Supplied material
"""

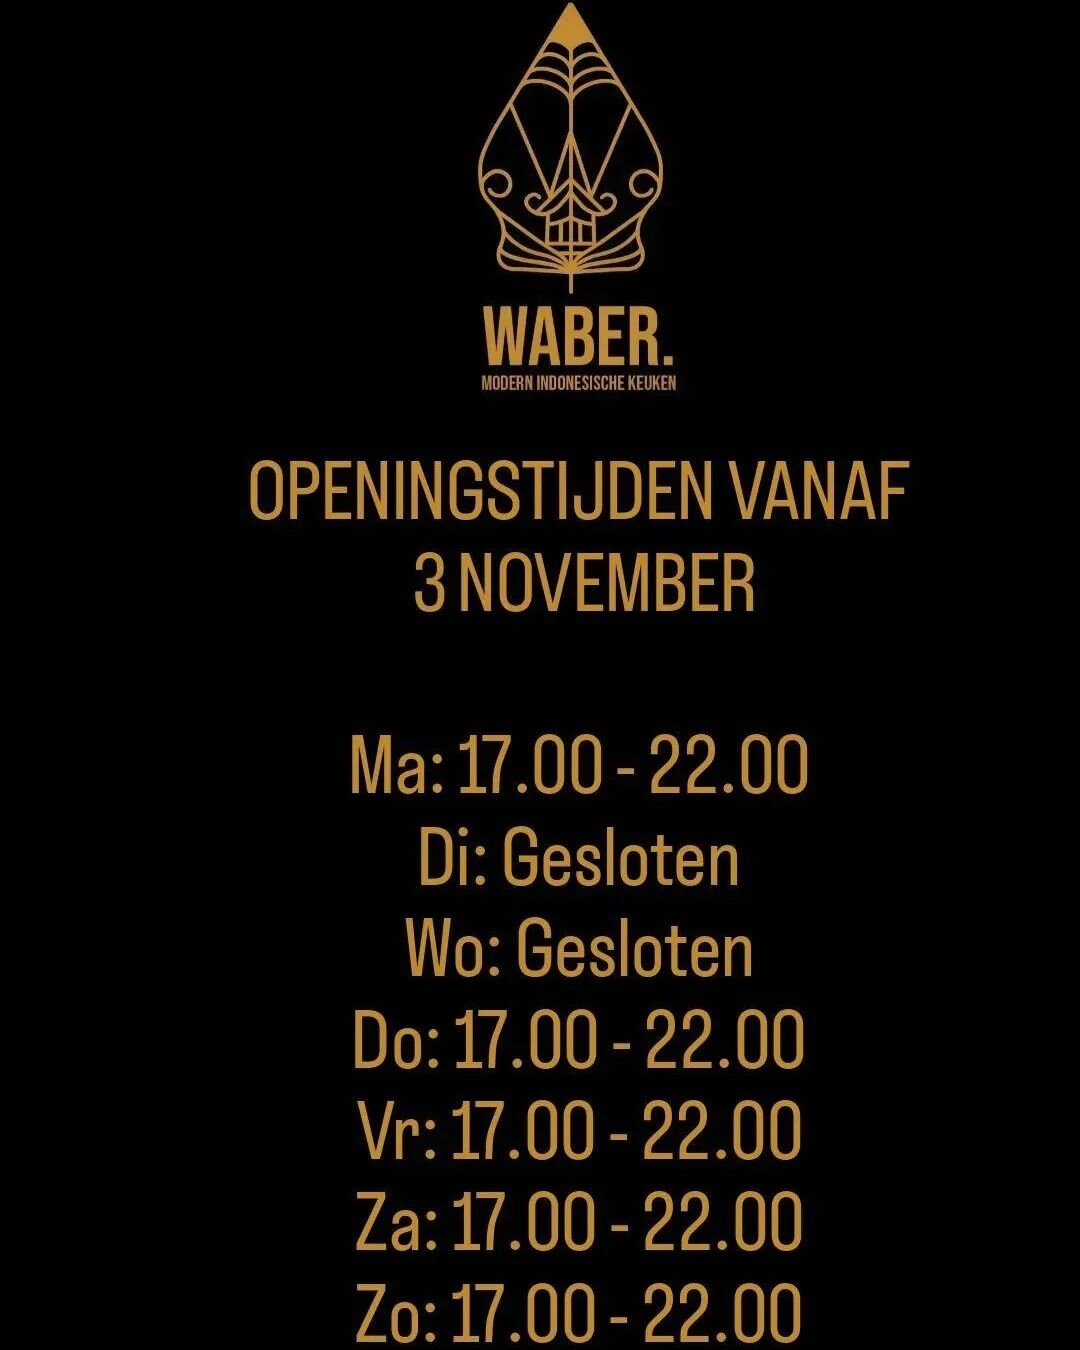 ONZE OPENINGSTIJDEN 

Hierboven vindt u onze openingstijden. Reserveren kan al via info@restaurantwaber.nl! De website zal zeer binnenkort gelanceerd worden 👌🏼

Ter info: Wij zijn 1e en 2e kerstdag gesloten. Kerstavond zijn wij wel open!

"""

Task statement
Where pictures occur in the material above, omit them and return everything else exactly.

Result below
 ONZE OPENINGSTIJDEN 

Hierboven vindt u onze openingstijden. Reserveren kan al via info@restaurantwaber.nl! De website zal zeer binnenkort gelanceerd worden 👌🏼

Ter info: Wij zijn 1e en 2e kerstdag gesloten. Kerstavond zijn wij wel open!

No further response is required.